This article was last updated on June 18, 2022
According to Moscow’s Registry Offices, 204 men married foreign women last year. The geography of these women is impressive: English, American, German, French… Russian dating agencies are no longer surprised by a Russian man in search of a foreign wife. But what is it that these men can’t find here? To answer this question just go to the nearest Internet forum devoted to discussions of the advantages of marrying non-Russians. “European girls are modest, they don’t wear tons of jewelry and tons of make-up,” writes Sergei. “They won’t look down on you if you don’t own a Mercedes and don’t work in a bank. And they will pay for themselves in restaurants.”
The main complaint about Russian girls is this: if they’re young and beautiful, they’ll milk you for money, demand presents every day and expensive entertainment, like trips abroad. If they’re over 25, they’ll be constantly bringing the conversation around to marriage and practically dragging you to the Registry Office.

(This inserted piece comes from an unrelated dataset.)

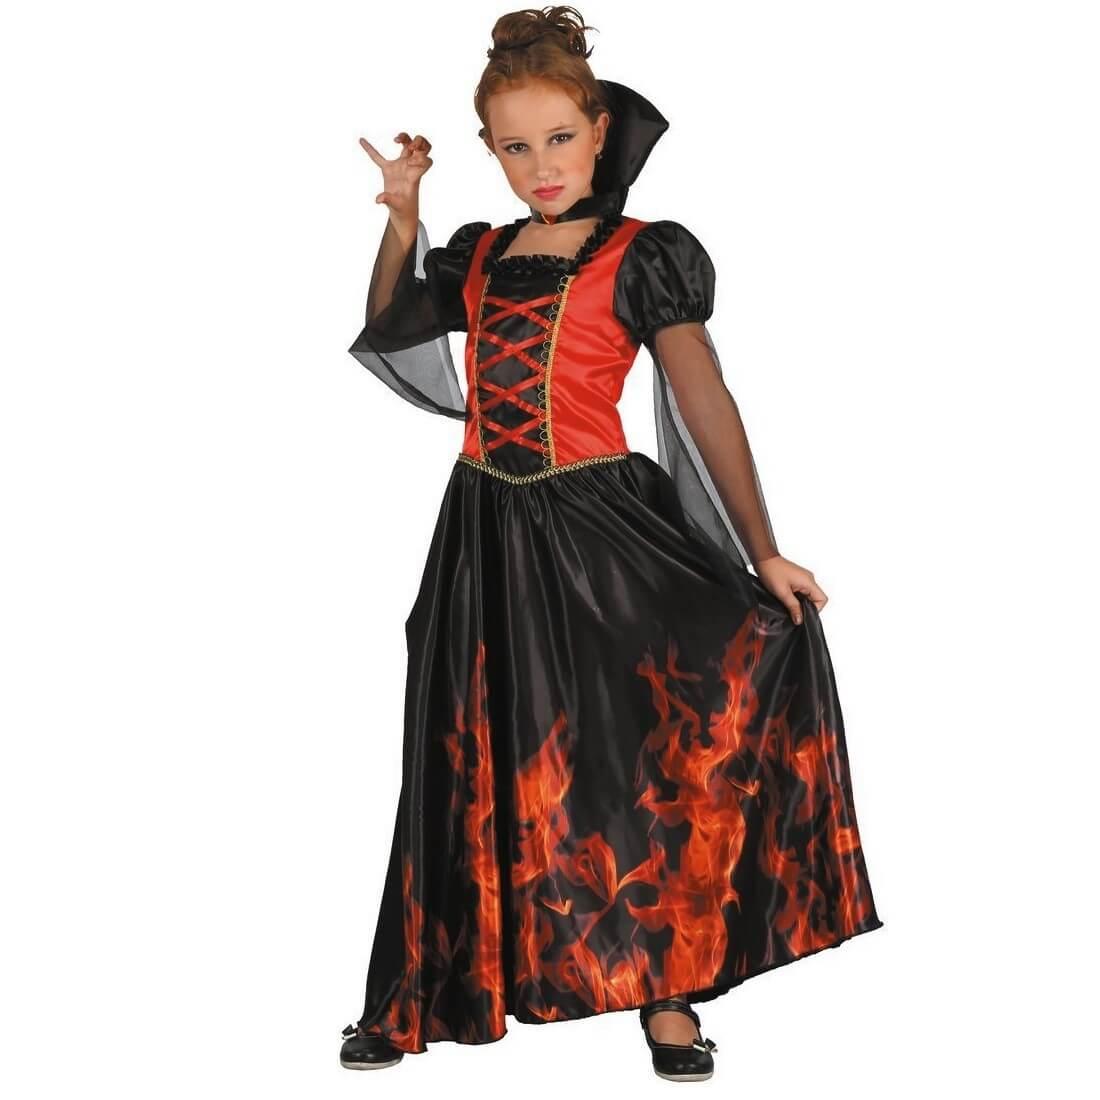 91218 age 7 9 ans costume deguisement fille halloween vampiresse flamboyante

It’s not a nice picture. Then again, Russian women could counter every one of these complaints with arguments of their own, but that’s not the point here. Especially since the principal shortcomings of Russian men have gotten plenty of press. Since the collapse of the Soviet Union, Russian women have had an uncontested advantage in the fight for a place under the happy and prosperous European sun. The brand called Girls and Women from Russia is well known in the West and highly successful. Our men, in this sense, haven’t been anywhere near as lucky. They have been written off as alcoholics and criminals, almost every last one of them. I somehow suspect that Russian women who have taken permanent residency abroad have had a hand in creating such an awful reputation for them. These women had to somehow explain to themselves and others why they never had much of a love life at home. And they certainly didn’t want to blame themselves.
But recently this situation has begun to change. I think that Russian billionaire Mikhail Prokhorov, who for years inflamed the French ski resort of Courchevel, had no small part in destroying the stereotypical image of the Russian man as sullen and aggressive. Prokhorov may have overdone it a bit. I remember that the French police accused him of having too many young and beautiful women in his entourage, but one can hardly blame a person for being drawn to the fair sex.
Hollywood, too, seems to have taken a shine to Russian men. The real breakthrough in this respect was Mikhail Baryshnikov in the role of Carrie Bradshaw’s latest love on Sex and the City. Things may not have worked out for them, but I have no doubt that many women dreamed of being in Carrie’s place in the company of that “strange Russian”.
Finally, our main answer to all slanderers and envious people is Vladislav Doronin who for over two years now has been the boyfriend of top model Naomi Campbell. In my opinion, Mr. Doronin should demand that the Russian government pay him a commission for his work in creating a positive image of Russian men abroad. He’s in good shape, well built, speaks several languages and is very generous — the press is always writing about his latest present to Naomi. He’s the man of some woman’s dream.
To be honest, there are good reasons to love Russian men. They have big hearts, are given to making nice gestures and romantic surprises for their beloved. An impromptu weekend in Paris, a gorgeous bouquet delivered to her third-floor balcony, I LOVE YOU painted on the asphalt under her windows — all of this is very Russian. A Russian man will always try to surprise his lady love and prove to her that she chose him for good reason. And she’ll never know a dull moment with him. True, this all relates to what is known as the “candy-and-flowers” period. Once they start living together, and certainly after they’re married, the picture is a little different. European women should beware that for a Russian man the most important qualities in a wife are her ability to keep house and be faithful. That’s what the opinion polls say anyway. So they’ll have to learn to make that borscht.
In conclusion, a vignette about relations between the sexes in Russia. At first glance, it seems to be about women, but actually it’s about them, about our dearly loved men. So then, a Russian woman returns home after a long hard day at work. As usual, she is carrying heavy bags of groceries. She makes dinner, feeds the children, checks their homework, plays with them and puts them to bed. Late that night, her husband arrives home from work, as usual not entirely sober. She gives him dinner, washes the dishes and finally, when she’s finished with her housework, calls an unmarried girlfriend. Her girlfriend tells her how she spent her day: she had a date with her latest admirer, went to the movies, then had a delicious dinner out, and now she’s lying in her bath with a flute of champagne. “Yes,” sighs her married friend, “when I think of you there all alone, it makes my heart bleed.”